MOSCOW, September 17 (RIA Novosti) - South Africa may experience both major droughts and severe rainfall, causing damage to the country's biodiversity, infrastructure and tourist industry, the United Nations' meteorological agency warned in a new video Wednesday.
"Temperatures are expected to drop, leading to cold weather along the Western Cape coastline. We are expecting that most of the time there will be an 80% chance of showers, but in some places, such as the Northern Cape province, hot and dry conditions are expected. You will see a similar trend in the Eastern Cape province, as it gets much drier," the forecaster says in the video that shows how weather forecasts may look like in 2050, as the effects of climate change become more prominent.
Hot and dry conditions in the country's east could cause field fires and damage to crops, while the severe rainfall in the northeastern regions could flood tourist areas and cut off infrastructure, causing much economic loss. The changes in climate could also cause great damage to the regions' biodiversity.
"The heavy rainfall could lead to road accidents and flooding in homes and it could also lead to vulnerable communities becoming even more vulnerable," the presenter informs.

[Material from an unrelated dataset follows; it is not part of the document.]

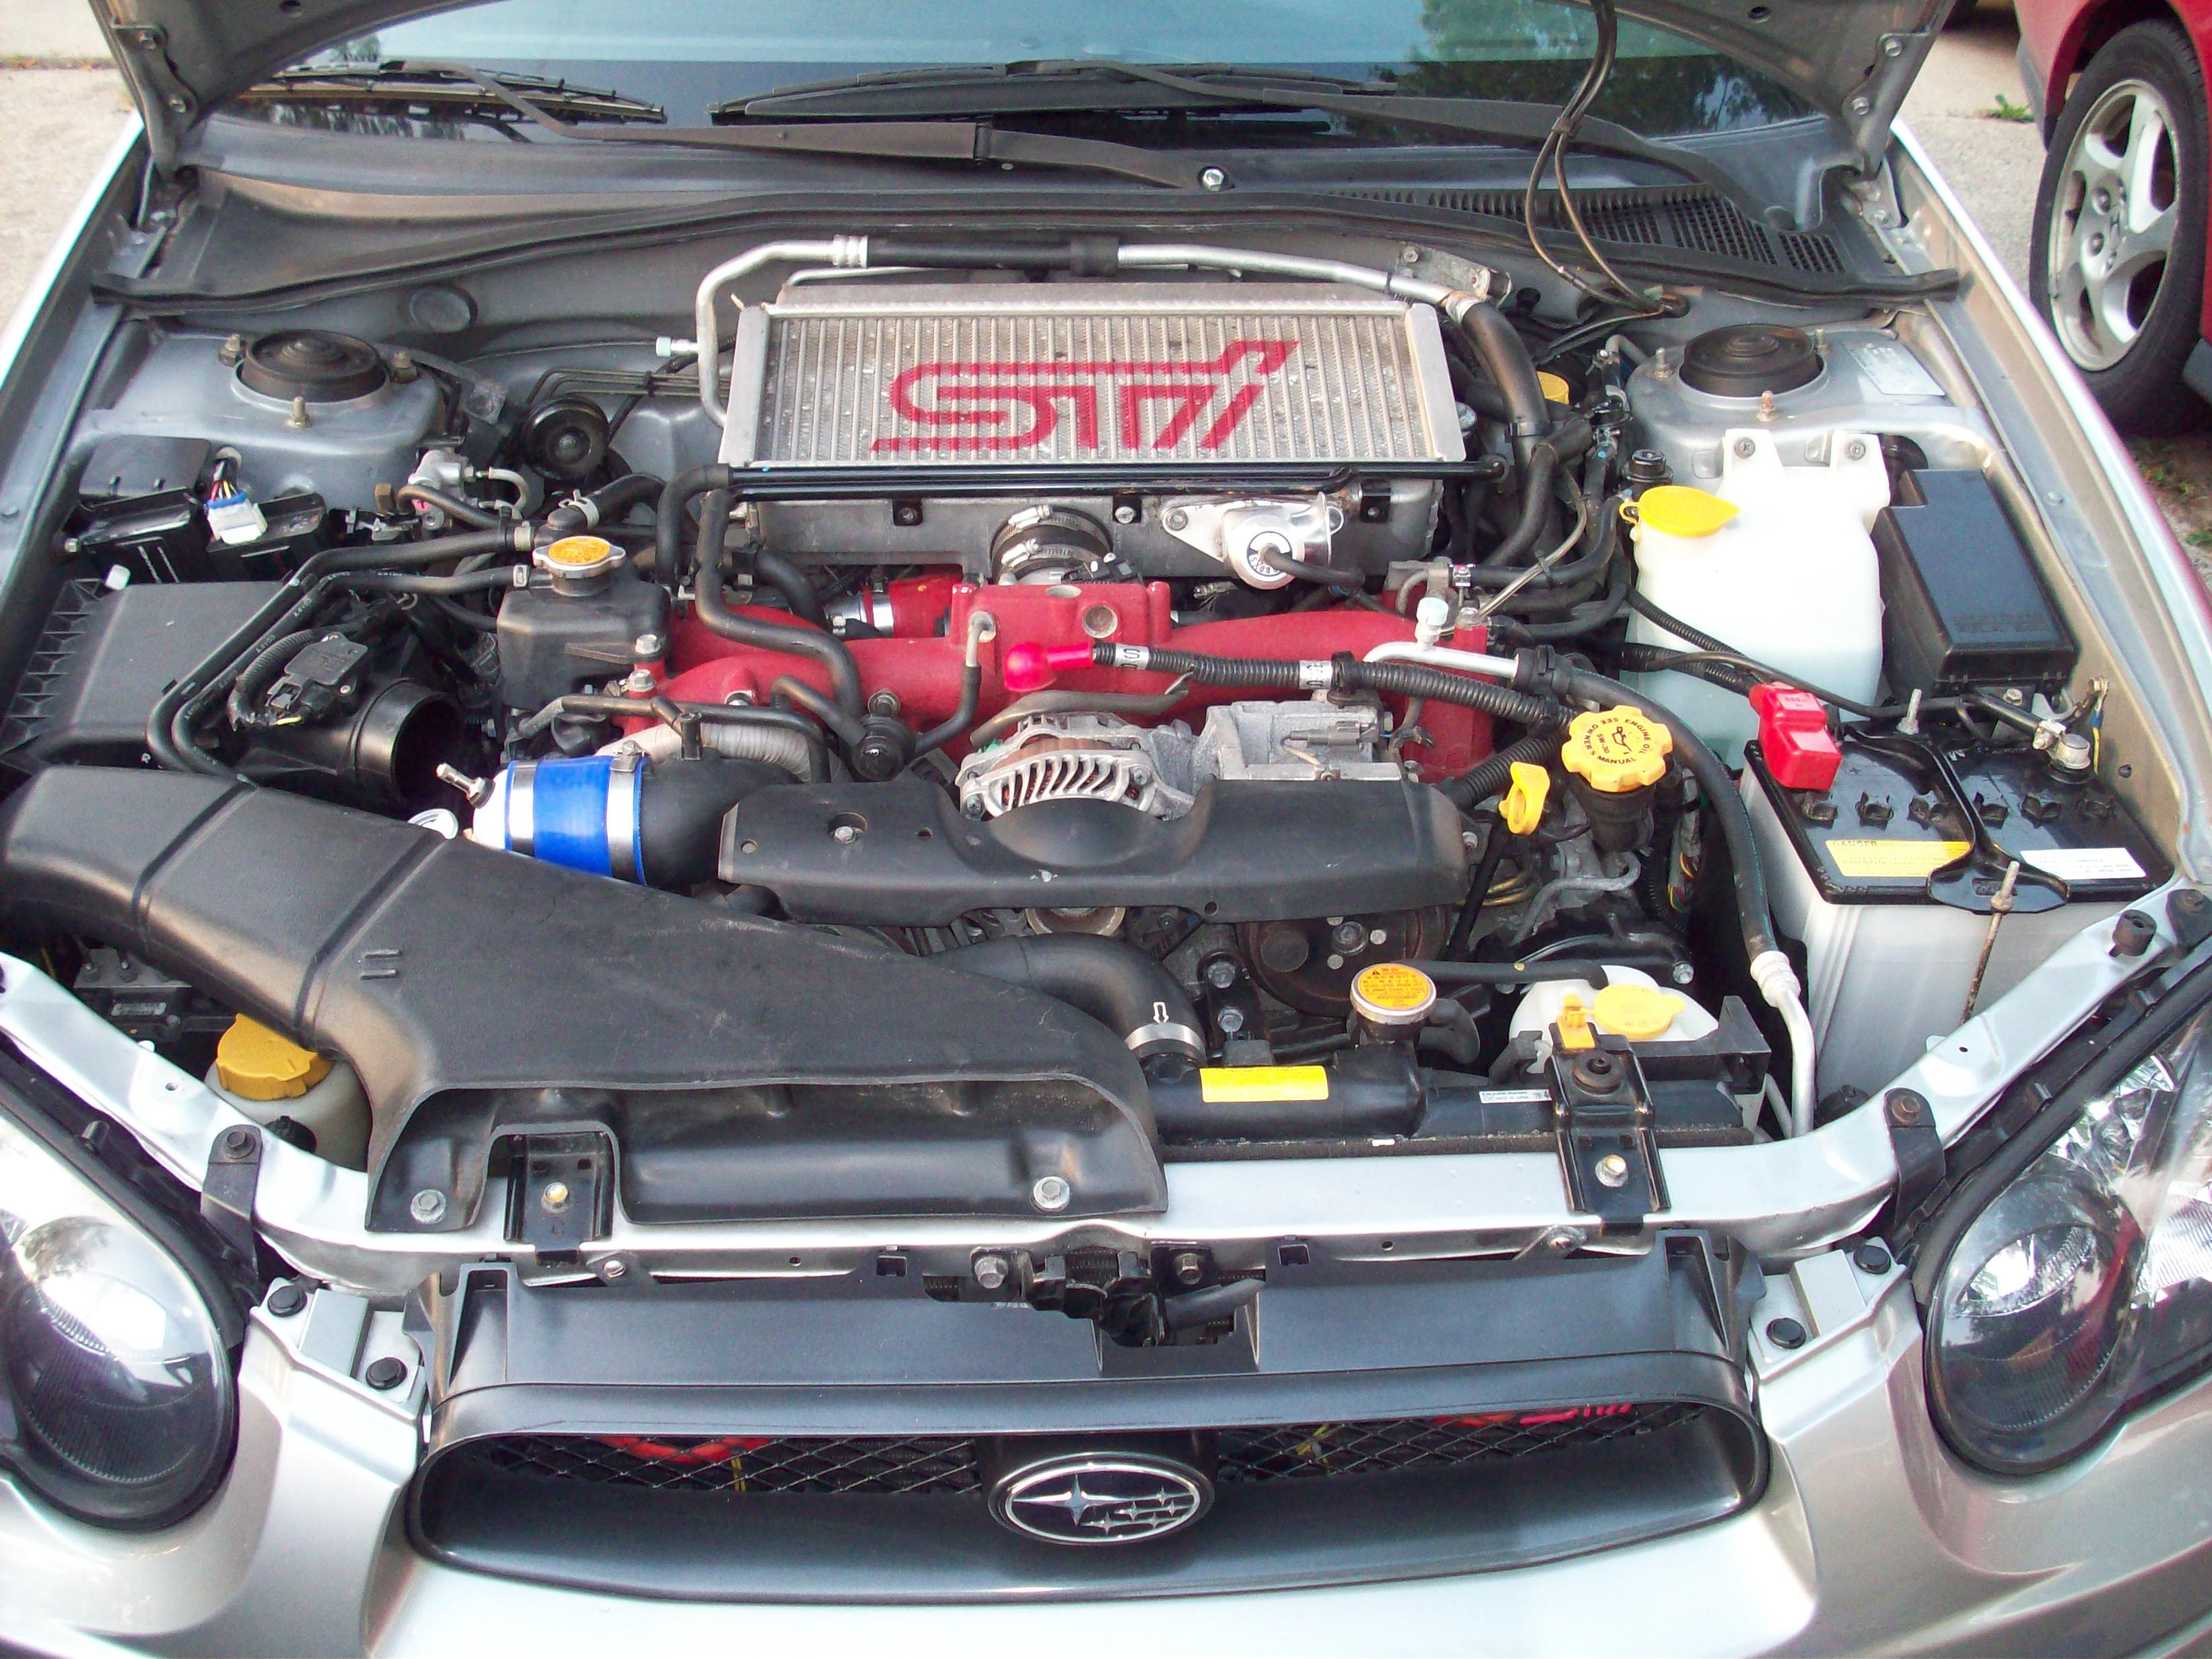 subaru1?t=1422674497 how to boostleak test a subaru Subaru Firing Order Diagram at creativeand.co

The World Meteorological Organization (WMO) launched its series of "weather forecasts from the future" on September 1 to raise awareness before this year's UN Climate Summit, which is set to take place on September 23.
A total of 14 forecasts from different countries are to be released before the summit. The reports are presented by real-life television weather forecasters.
Previously released videos warned of storm surges in Japan and the Philippines, coastal floods in the US and both floods and droughts in Brazil. Countries as far away as Burkina Faso and Denmark presented similar forecasts, with thunder storms, risk of flooding and temperatures rising up to 40°C.
According to the WMO, these devastating scenarios are based on "the most up-to-date climate science" and show a compelling picture of what weather forecasts could look like in just 36 years if the world fails to take action against climate change.